# Vent at Plumbing Chase



## Trang (Sep 11, 2017)

We want to run a vent for the toilet in the plumbing chase and out at the top.  This plumbing chase is a 6 inches exterior furred wall.  Will this comply with the California Code? What is the distance requirement of the vent pipe from the top of the wall surface?

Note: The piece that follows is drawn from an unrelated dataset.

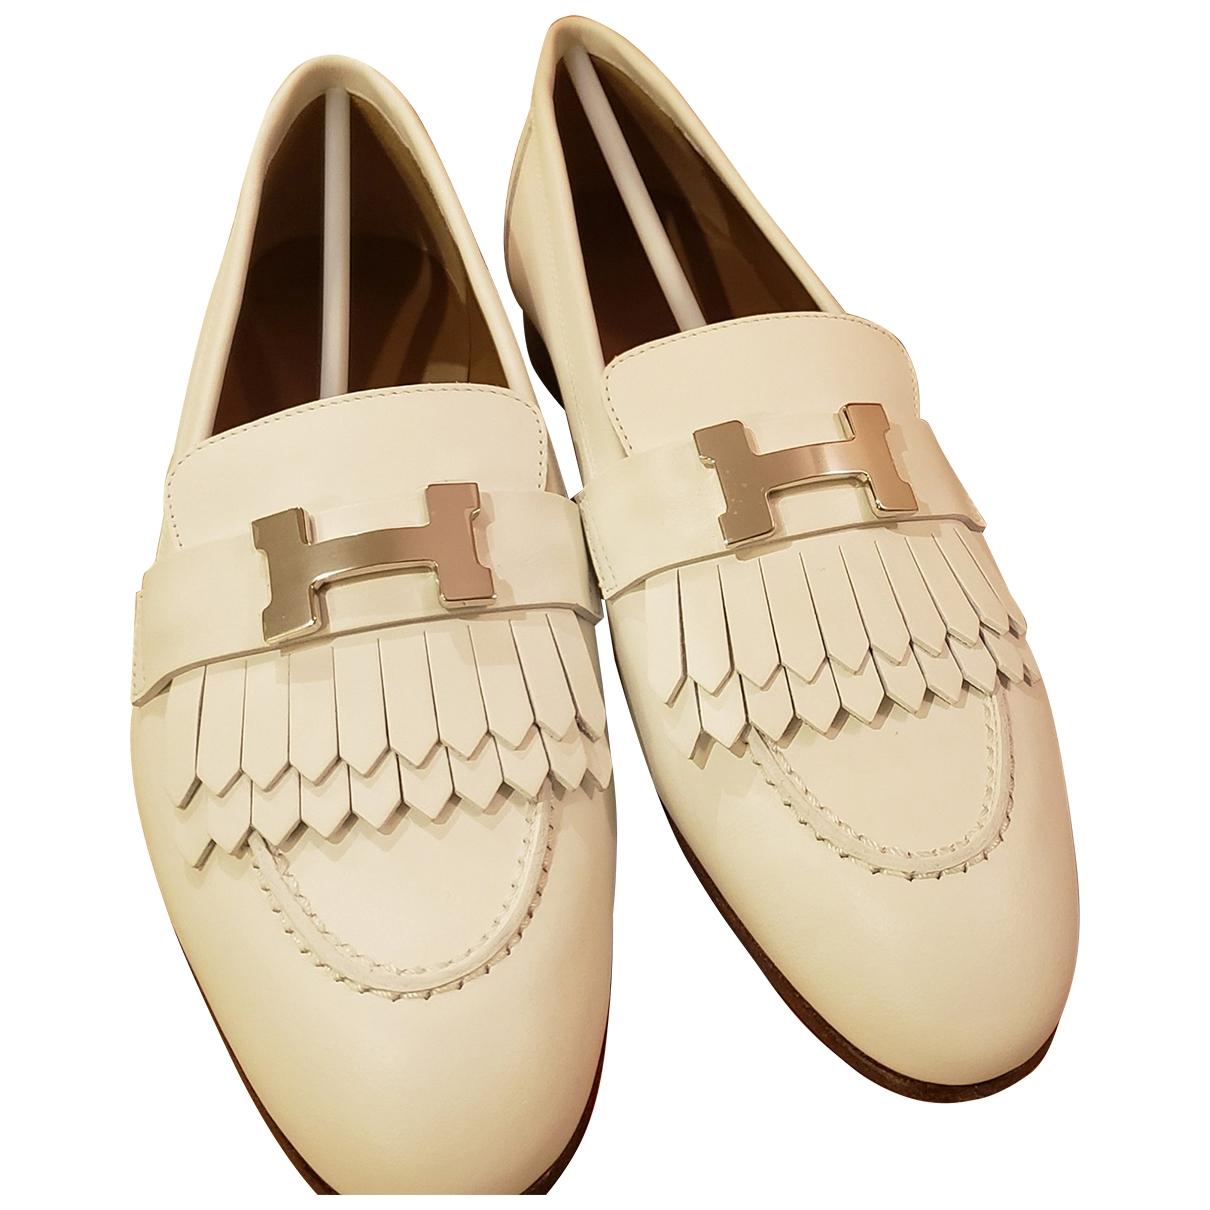 Hermès Paris White Leather Flats for Women 36 EU

We are looking into the Studor Maxi-Vent and heard that this product can by-pass some of the code requirements.  Does any one know about this product?


----------



## fatboy (Sep 11, 2017)

Welcome...........check with the AHJ........some do not allow "Studor" (AAV) vents.........if it can be vented conventionally.


----------



## cda (Sep 11, 2017)

Welcome

Give it a day, there are some Californians on the site


----------



## mark handler (Sep 11, 2017)

Air admittance valves were not adopted by the state of CA
Some jurisdictions do allow them with conditions
Here is a link for the city of la
https://www.google.com/url?sa=t&sou...18.pdf&usg=AFQjCNGAlwB2pjMRwo8jCGTtjd39yIVu0g


----------



## sspan (Sep 12, 2017)

IAPMO & ICC listed but IAPMO will not put it in code, I've call IAPMO about this.
AHJ might allow in outdoor area BBQ sink but not within building.


----------